Carbon Dioxide Emissions. Energy-related carbon dioxide emissions are projected to increase at an average of 1.4 percent per year from 1999 to 2020, reaching 2,041 million metric tons of carbon equivalent, 35 percent higher than in 1999 and 51 percent higher than in 1990 (Figure 11). Projected increases in carbon dioxide emissions primarily result from continued reliance on coal for electricity generation and on petroleum fuels in the transportation sector.

Alternative Cases. In order to show the impact of alternative assumptions concerning the key factors driving energy markets, we include a number of alternative cases in AEO2001. Two sets of these cases illustrate the impacts of improved technology in energy-consuming equipment and in the production of oil and gas.

One alternative case assumes more rapid improvement in new technologies for end-use demand, through lower costs, higher efficiencies, and earlier availability for new technologies, relative to the reference case, as well as more rapid improvement in the costs and efficiencies of advanced fossil-fired and new renewable generating technologies. As a result, projected energy demand in 2020 is 8 quadrillion Btu lower than in the reference case, reducing carbon dioxide emissions to 1,875 million metric tons carbon equivalent in 2020, compared to 2,041 million metric tons carbon equivalent in the reference case (Figure 12). Such technology improvements could result from increased research and development, but should not be considered the most optimistic improvements that could occur with a very aggressive program of research and development. The AEO2001 reference case assumes continued improvements in technology for both energy consumption and production; however, it is possible that technology could develop at a slower rate. In the 2001 technology case, it is assumed that all future equipment choices will be made from the equipment and vehicles available in 2001, with new building shell and industrial plant efficiencies frozen at 2001 levels. Also, new generating technologies are assumed not to improve over time. In this case, efficiencies improve over the forecast period as new equipment is chosen to replace older stock and the capital stock expands; however, projected energy demand in 2020 is 6 quadrillion Btu higher than in the reference case, increasing carbon dioxide emissions to 2,157 million metric tons carbon equivalent.

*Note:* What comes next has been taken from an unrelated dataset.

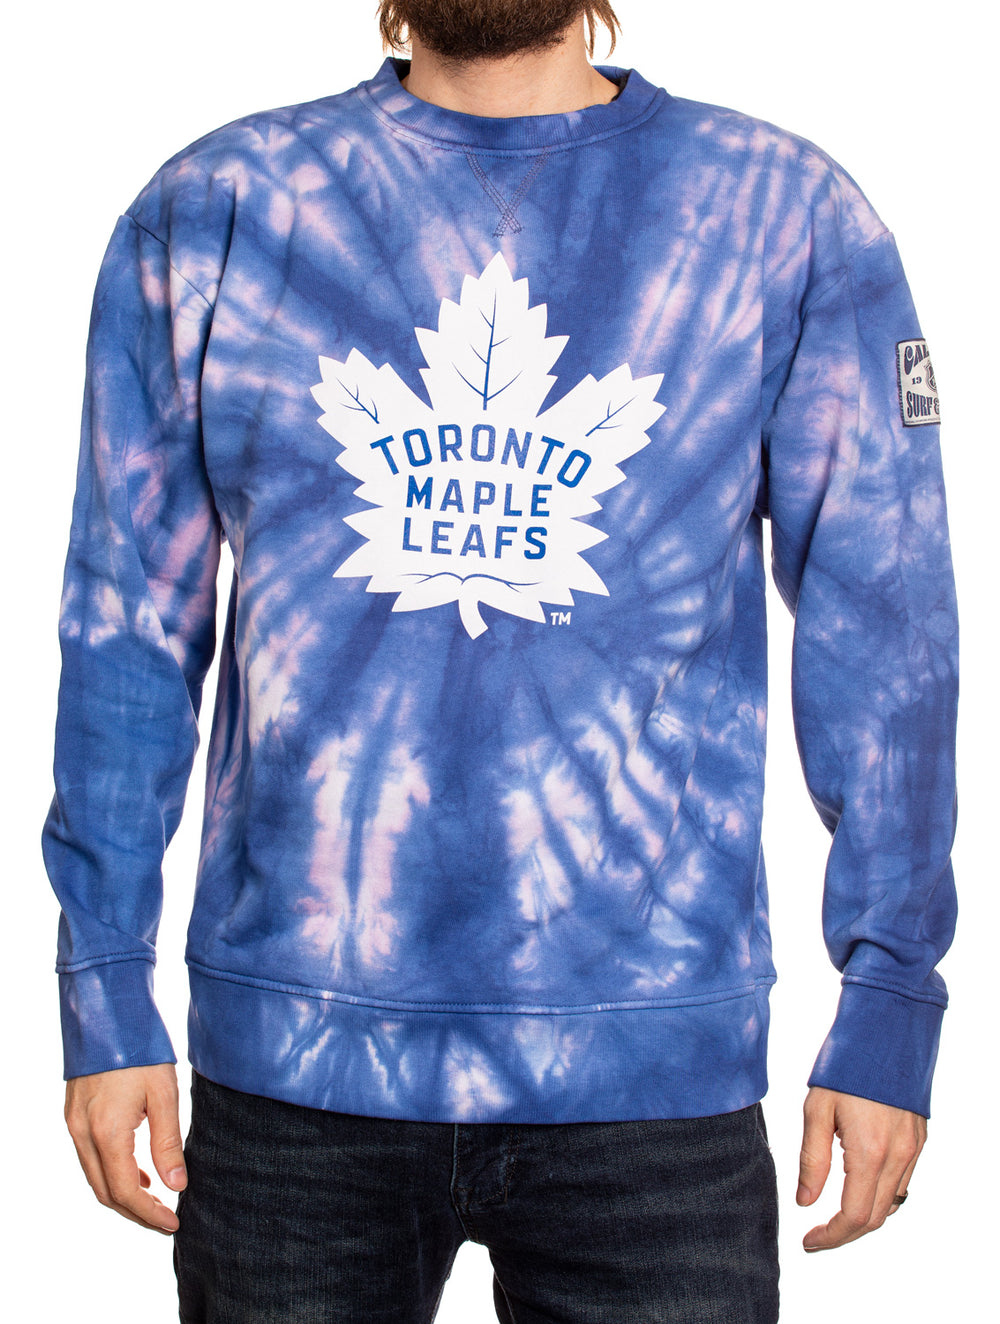 NHL Toronto Maple Leafs Specialized 2022 Concepts With 105 Years  Anniversary Logo Kits 3D Hoodie - Ecomhao Store

Another alternative case assumes more rapid technological improvement in the exploration and production of petroleum and natural gas. By 2020, these assumed improvements are expected to raise natural gas production by 1.1 trillion cubic feet and raise lower 48 crude oil production by nearly 300 thousand barrels per day compared to the reference case. The more rapid technology progress would also be expected to reduce the average wellhead price of natural gas in the United States from $3.13 per thousand cubic feet (1999 dollars) in the reference case to $2.50 per thousand cubic feet in 2020 (Figure 13). Conversely, slower technological improvements are assumed in another case, which reduce natural gas production by 1.9 trillion cubic feet and reduce lower 48 crude oil production by nearly 400 thousand barrels per day in 2020 relative to the reference case. In this slow technology case, the average wellhead price of natural gas in 2020 reaches $4.23 per thousand cubic feet.

Conclusion. In the near term, we expect crude oil and petroleum prices to decline slightly from their current levels by the end of the year and to decline further next year. Stock levels of both petroleum and natural gas remain tight. In the long term, continuing growth in the U.S. economy is expected to stimulate more energy demand, with fossil fuels remaining the dominant source of energy. As a result, our dependence on foreign sources of petroleum is expected to increase and domestic natural gas production and natural gas imports are expected to grow significantly. These forecasts incorporate an expectation of efficiency improvements in both demand and supply although different paths for technological development could lead to slower or more rapid efficiency gains.

Thank you, Mr. Chairman and members of the Subcommittee. I will be happy to answer any questions you may have.